TENS units can be used almost anywhere on the body except for places that could result in a transcranial or transthoracic current. Patients who are pregnant should avoid applying any current near the fetus, and patients with pacemakers should not use the electrodes near their devices. Electrodes should be placed on intact skin only, not orifices such as the mouth, rectum, or genitals.

A referral to physical therapy can be helpful if your patient (or you) needs some help setting up a TENS unit. Most physical therapists are trained in their use, and can help optimize electrode placement and teach how to operate the stimulus generator. Physical therapy is no longer needed once a patient knows how to use the device, though they can follow up with PT if they have additional questions.

TENS units are relatively cheap. They vary in complexity and cost, but inexpensive units can be bought for $20-$50 without a prescription at retail pharmacies or online with vendors like Amazon. Unfortunately, most insurance companies don't pay for TENS units for acute pain, making them difficult to use in the emergency department regularly, but a physical therapy consult in the ED may be how you can get your patients treatment. Otherwise, you can recommend your patients purchase one and use it at home.

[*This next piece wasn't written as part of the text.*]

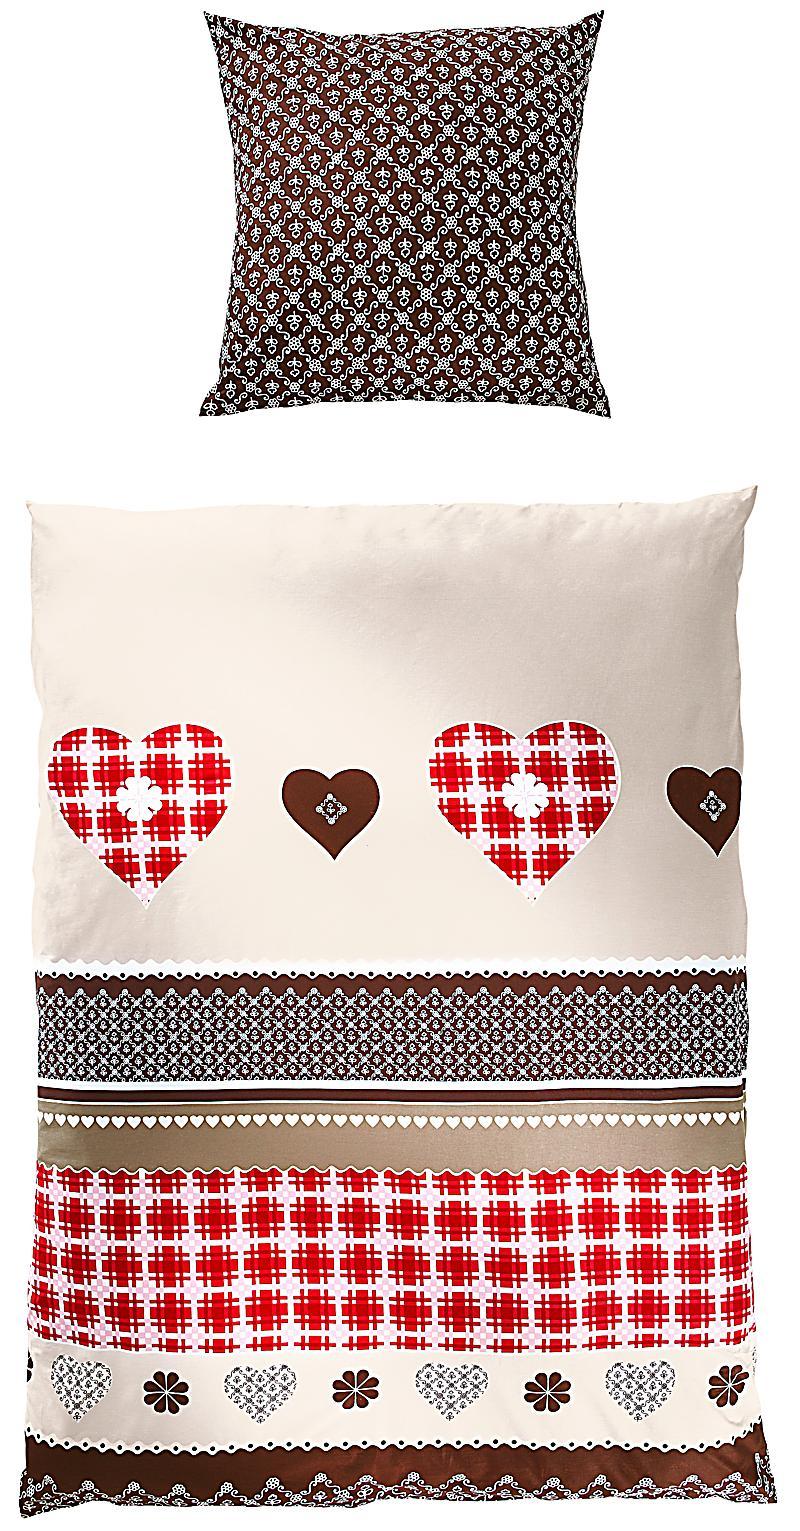 bettw sche kitzb hel gr e 155 x 220 cm bestellen. Black Bedroom Furniture Sets. Home Design Ideas

The physicians in our emergency department have been trained in how the devices work, and can assist patients with placing the electrodes and using the devices. Each patient gets a new set of electrodes, and the machine and wires are cleaned and reused like an ECG machine. Electrodes are inexpensive and available for about 60 cents for a pair, making the cost negligible for hospitals to stock them and implement a program.

We are working with local insurance companies and plans, where there is some interest in TENS. Our hope is insurance companies will start paying for TENS for treating acute pain in the ED in light of the opioid epidemic.